■ What the task requires: Aside from the pictures, copy the listing exactly.

■ Supplied information:
┌──

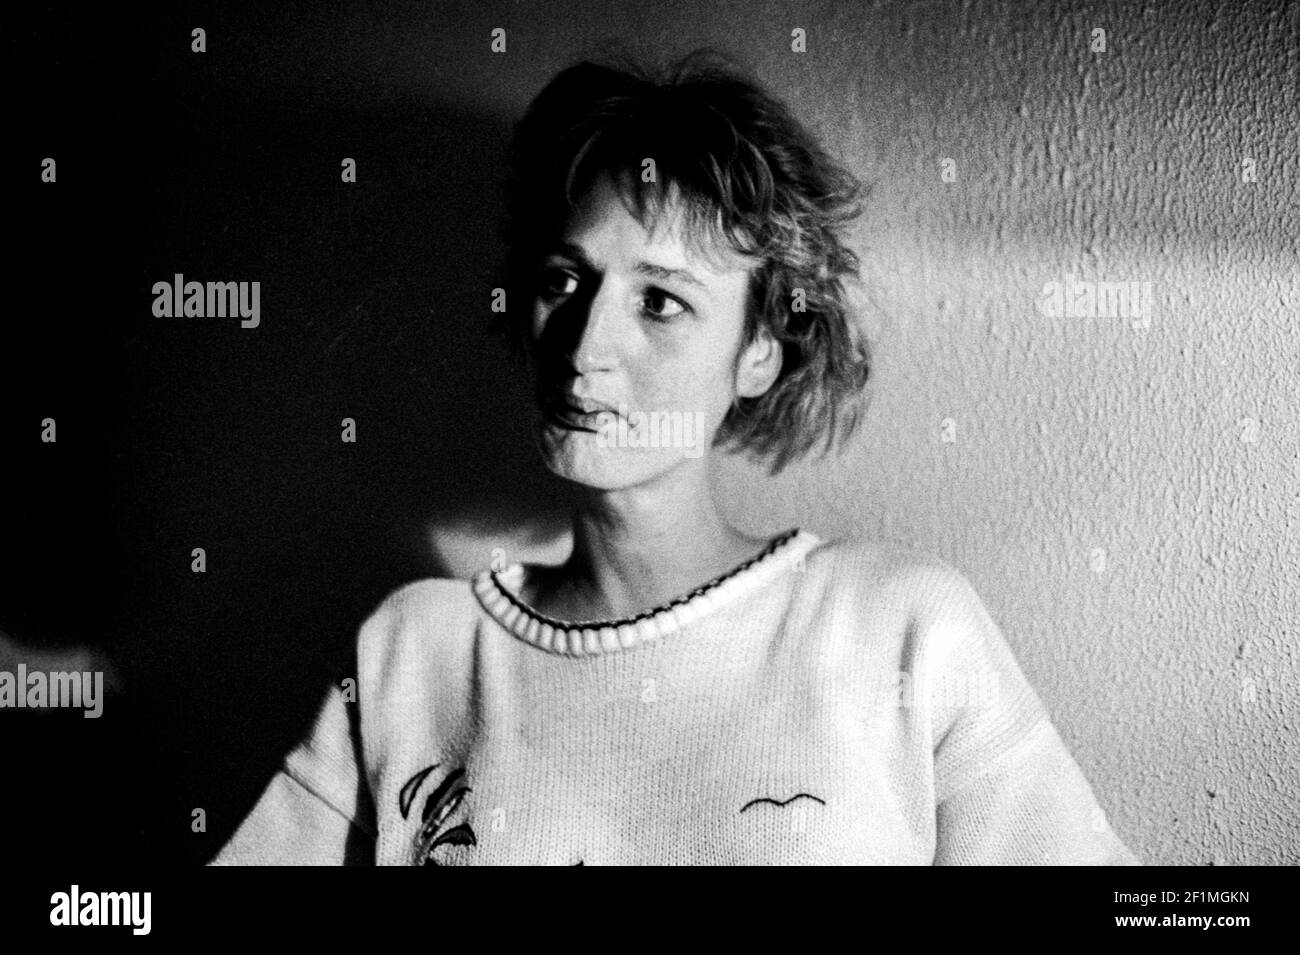 Tilburg, pays-Bas. Portrait en noir et blanc d'une jeune femme en studio avec une seule lumière de la gauche. Tourné sur un film noir et blanc analogique en 1992. Banque D'Images
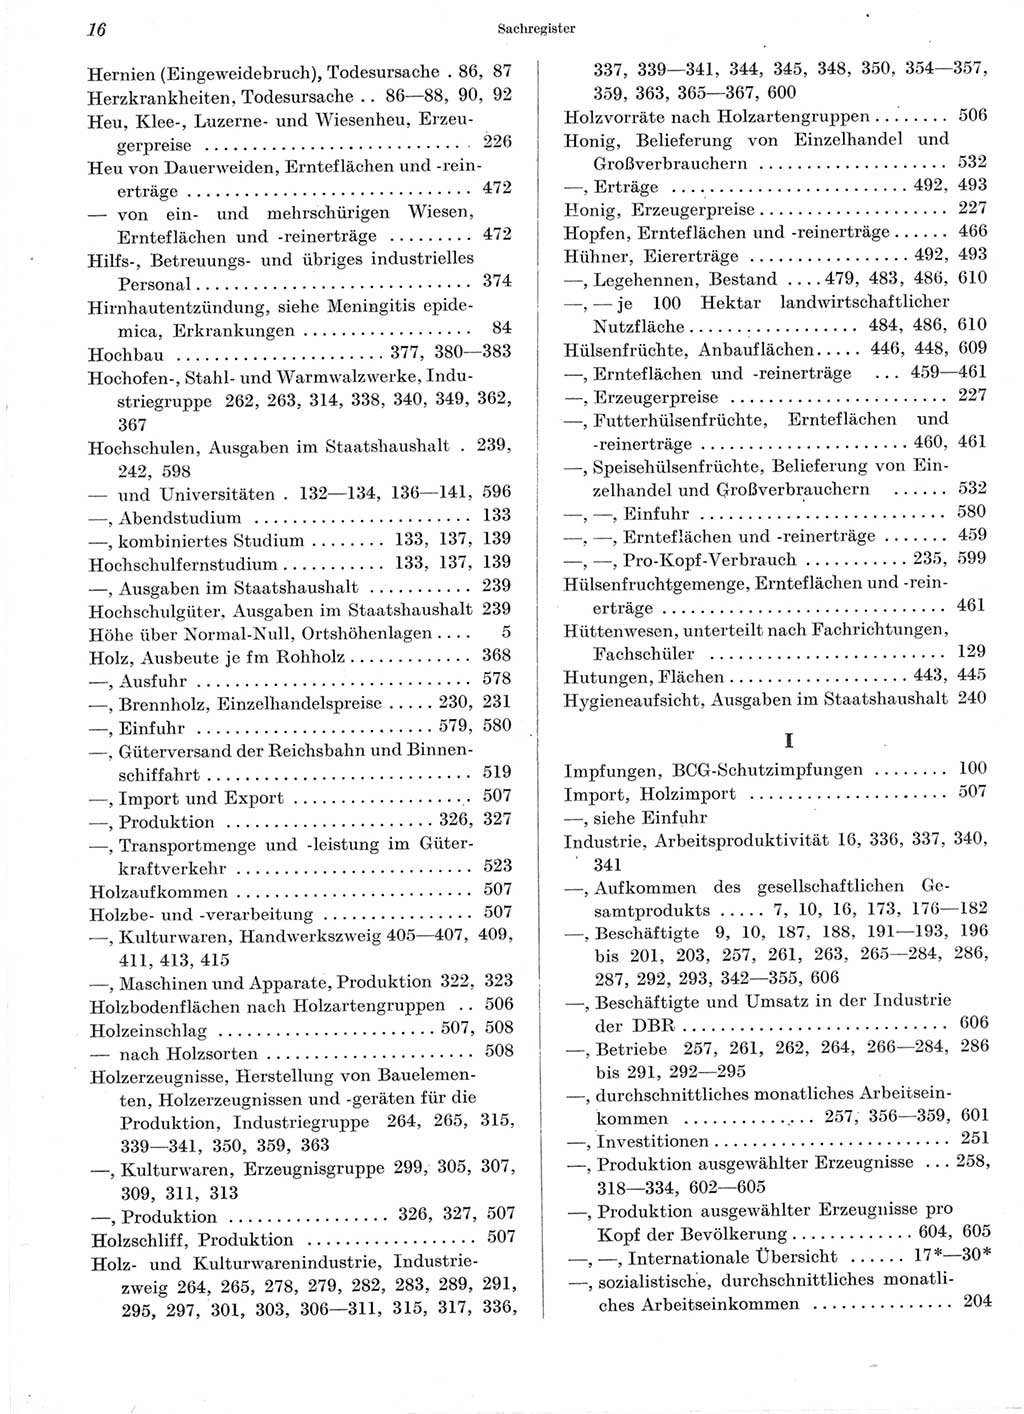 Statistisches Jahrbuch der Deutschen Demokratischen Republik (DDR) 1960-1961, Seite 16 (Stat. Jb. DDR 1960-1961, S. 16)
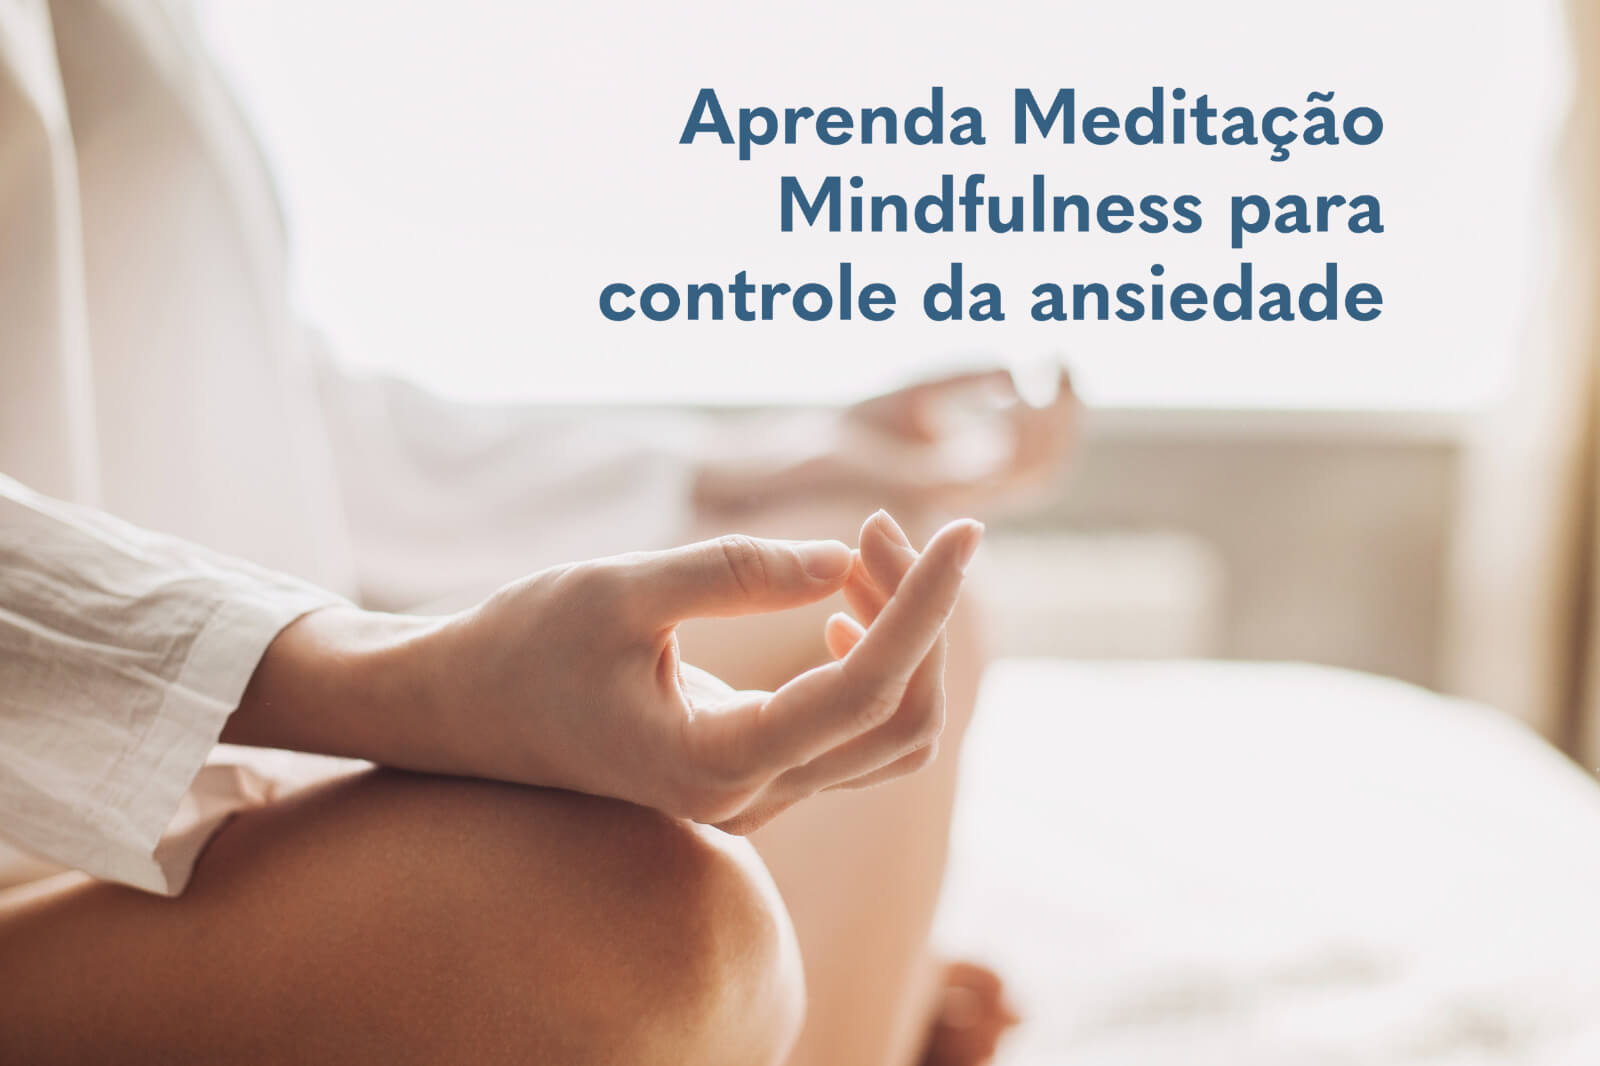 A meditação como técnica complementar no tratamento dos quadros ansiosos
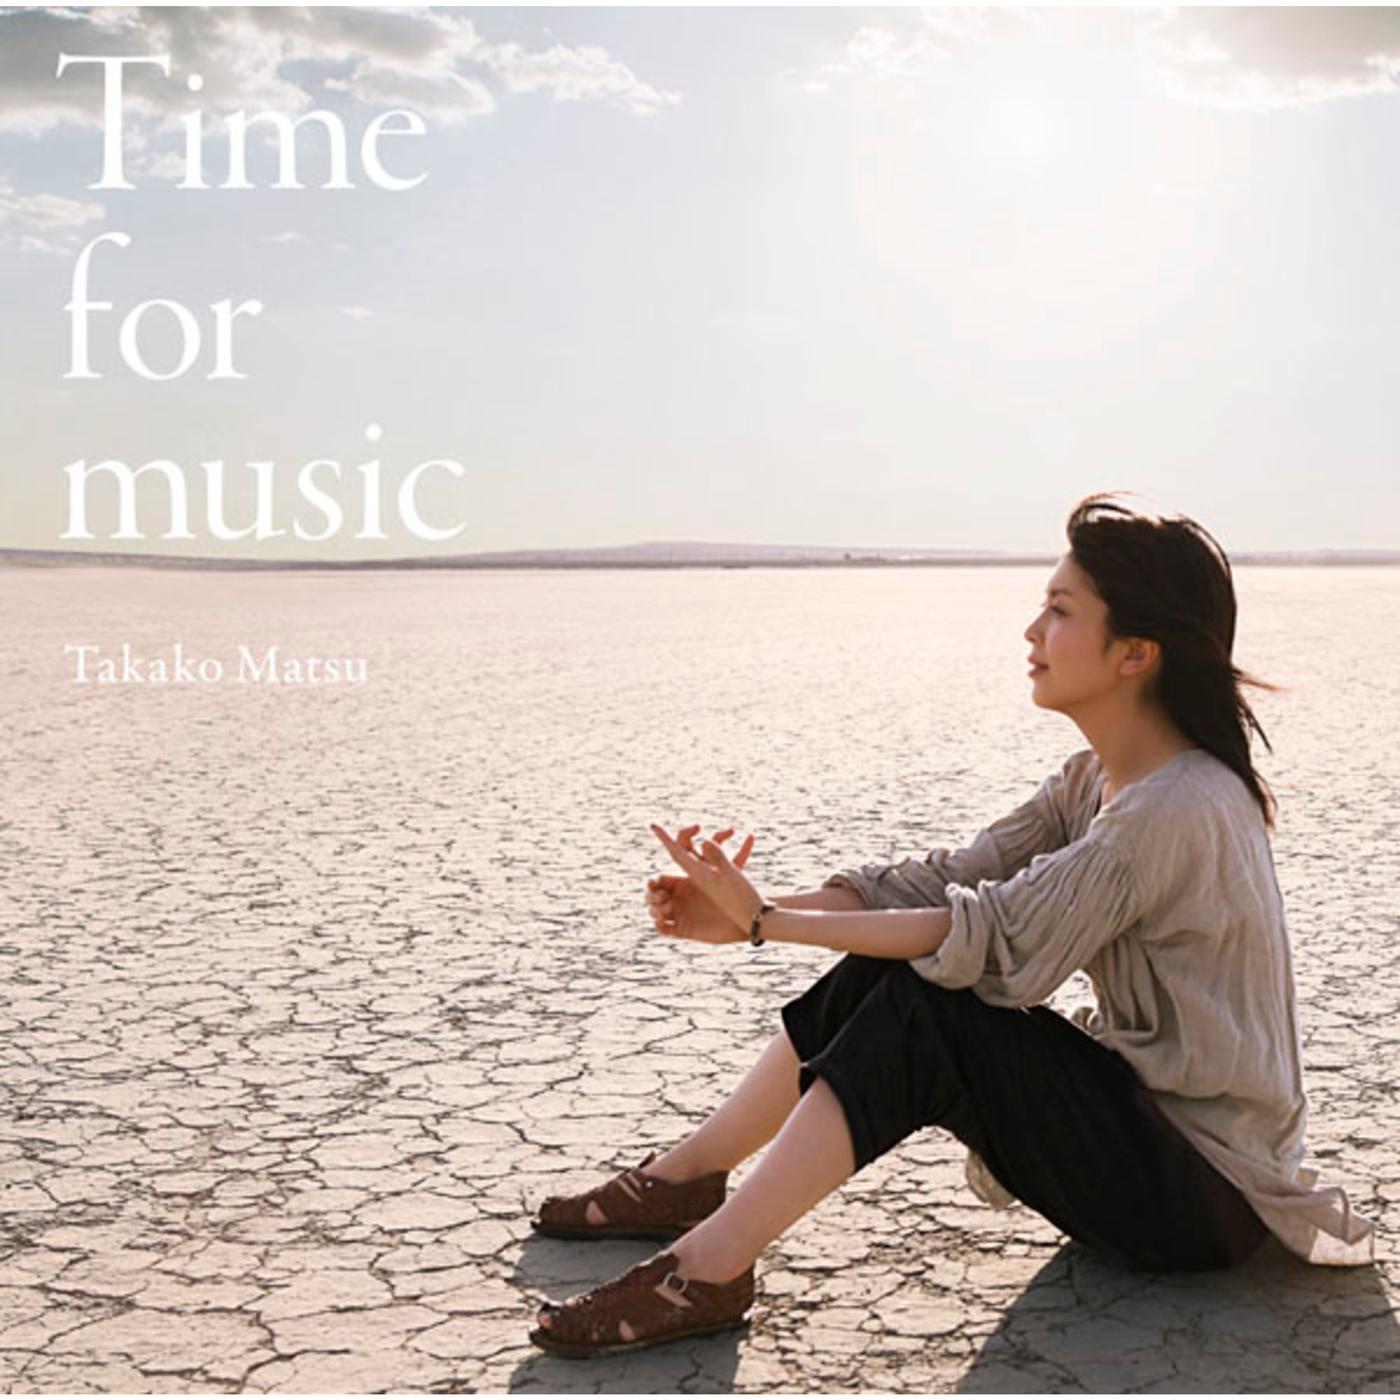 松たか子 - Time for music

└──

■ Answer to this exercise:
 Tilburg, pays-Bas. Portrait en noir et blanc d'une jeune femme en studio avec une seule lumière de la gauche. Tourné sur un film noir et blanc analogique en 1992. Banque D'Images
 Statistisches Jahrbuch der Deutschen Demokratischen Republik (DDR) 1960-1961, Seite 16 (Stat. Jb. DDR 1960-1961, S. 16)
 A meditação como técnica complementar no tratamento dos quadros ansiosos
 松たか子 - Time for music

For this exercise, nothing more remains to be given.